Dominant unit factor

Answer 25

Controls the expressed trait

Question 26

Recessive unit factor

Answer 26

Controls the trait not expressed

Question 27

What does it mean when recessive controls the trait not expressed?

Answer 27

The organism has this but it is not visible (e.g. a pea plant having tall stem that is dominant and dwarf is recessive).

Question 28

Dominance/Recessiveness Example

Answer 28

Tall Stem (Dominant)
Dwarf Stem (Recessive)

Question 29

Segregation

Answer 29

• applies when it comes to RANDOM FERTILIZATION
• paired unit factors separate or segregate randomly during gamete formation, so there is an equal chance of receiving it by each gamete (means there is a 50% chance of receiving it)
• related to meiosis

Question 30

Segregation Example

Answer 30

Pair of like unit factors is present (2 factors for tall), all gametes will receive the factor for tall; Pair of unlike unit factors is present (1 factor for tall and 1 factor for dwarf), each gamete will have a 50% probability of receiving either tall or dwarf unit factor

Question 31

What do we not specify in diagrams?

Answer 31

We do not specify which one is the male and female parent.

Question 32

Square represents what?

Answer 32

An individual

Question 33

Circle represents what?

Answer 33

Gametes

Question 34

Phenotype

Answer 34

• the one that is visible and that you can see on the organism
• trait’s physical expression

Question 35

Unit Factors or Genes

Answer 35

• units of inheritance
• gametes have only one unit factor
• a genotype has two unit factors

Question 36

What was the term for genes during the time of Mendel?

Answer 36

Unit Factors

Question 37

Alleles

Answer 37

• single gene’s variants/ alternative forms

Example: Unit Factor for Tall and Dwarf, respectively

Question 38

Using Symbols to Represent Genes

Answer 38

• recessive trait’s first letter represents the character in question (example: dwarf (d))

Question 39

Recessive trait’s allele

Answer 39

in lowercase italic (Example: Dwarf, d)

Question 40

Dominant trait’s allele

Answer 40

in uppercase italic (Example: Tall, D)

Question 41

Genotype

Answer 41

• individual’s genetic make-up
• alleles written in pairs

Example: DD, Dd, dd (can have either of these examples)

Question 42

What can you identify by reading genotype?

Answer 42

The phenotype

Question 43

Homozygous/Homozygote

Answer 43

Same alleles

Example: DD, dd

Question 44

Heterozygous/Heterozygote

Answer 44

Different alleles

Example: Dd

Question 45

Punnett Square

Answer 45

• diagram that presents combining of gametes that results to genotypes and phenotypes [of the offspring]

Question 46

What can one automatically see in the Punnett square?

Answer 46

Genotypes and phenotypes [of the offspring]

Question 47

Steps for the Punnett Square

Answer 47

Step 1: Assign the gametes to columns and rows: Vertical Columns (female parent’s diagram) while Horizontal Rows (male parent’s gametes)

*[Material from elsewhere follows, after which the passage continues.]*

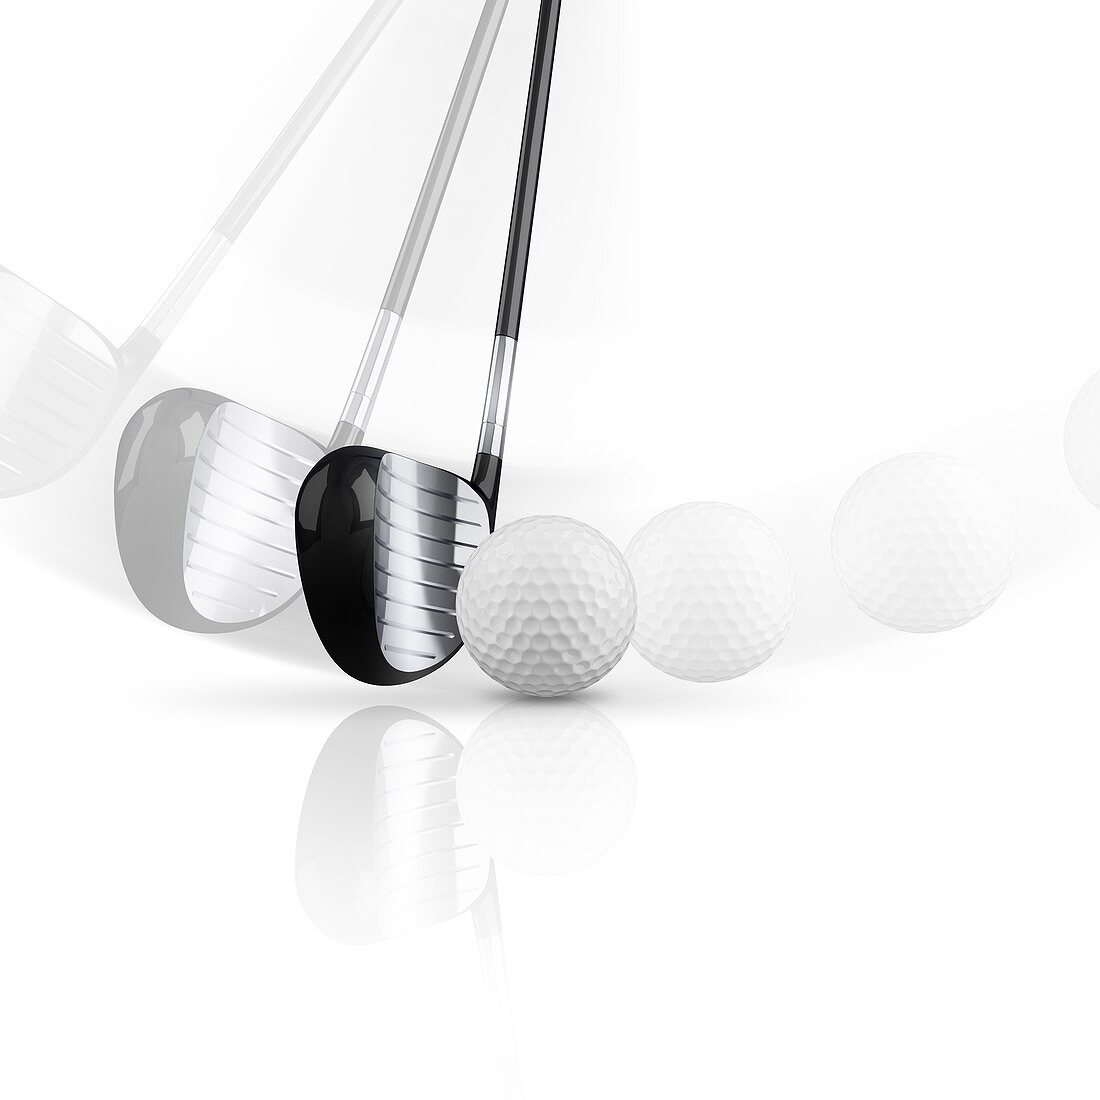 Golf club with golf ball, illustration
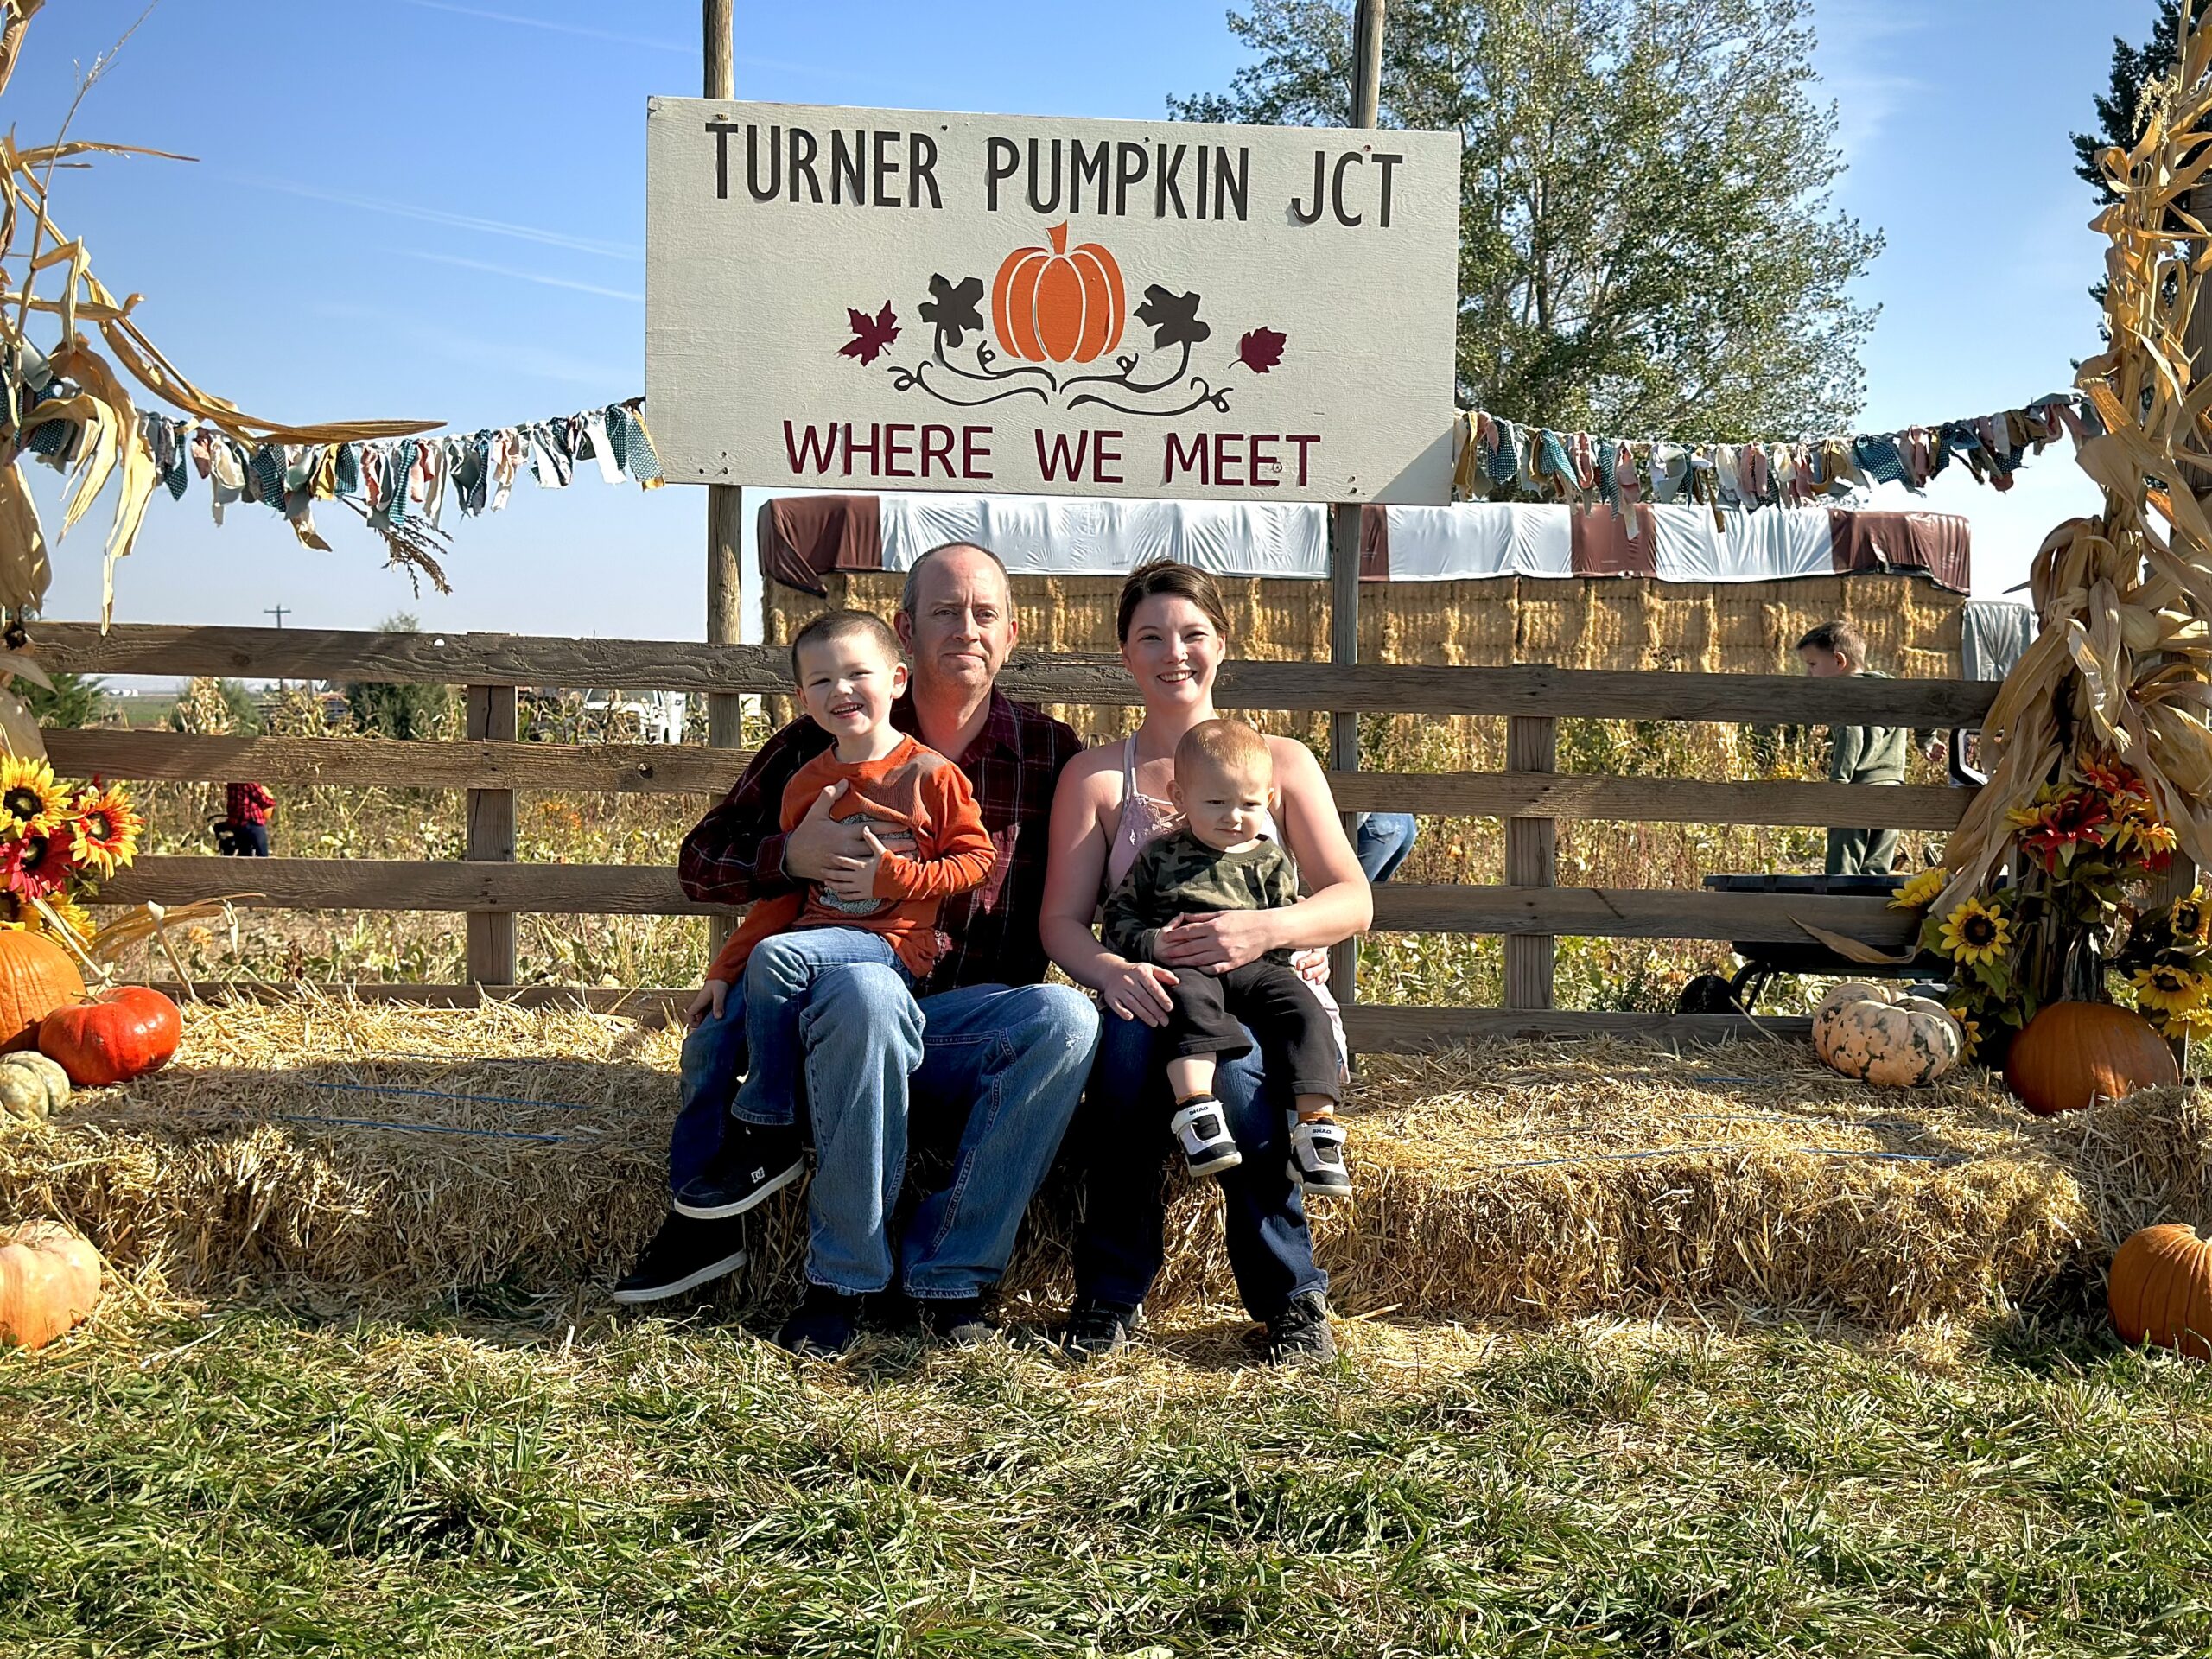 Turner pumpkin junction -053

NOTE: ALTHOUGH THERE IS NO ISSUE IN IDENTIFYING PARENTS’ SEX, BUT IN CASE YOU WANT TO RECOGNIZE THEM, YOU NEED TO PUT THE IN THEIR POSITIONS.

Step 2: Enter the male and female genetic information into each box.

Step 3: Read the combinations in the boxes, this will give the genotypes and phenotypes of all potential offspring.

Question 48

What kind of genotype is the following gene: Dd?

Answer 48

dominant-recessive genotype

Question 49

Testcross: One Character

Answer 49

• used to determine the genotype of plants and animals
• crossing of dominant phenotype (has unknown genotype – need to find what the genotype is) with homozygous recessive individual

Question 50

What is the significance of Testcross?

Answer 50

Given the offsprings, you can now identify the genotype of the dominant one.

Question 51

Example of testcross

Answer 51

Tall Dwarf (DD) testcrossed with Dwarf plant (dd) results to All Tall (Dd); Tall plant (Dd) testcrossed with Dwarf plant (dd) results to one-half tall (Dd) and the other half is Dwarf (dd) or 1:1 tall/dwarf ratio.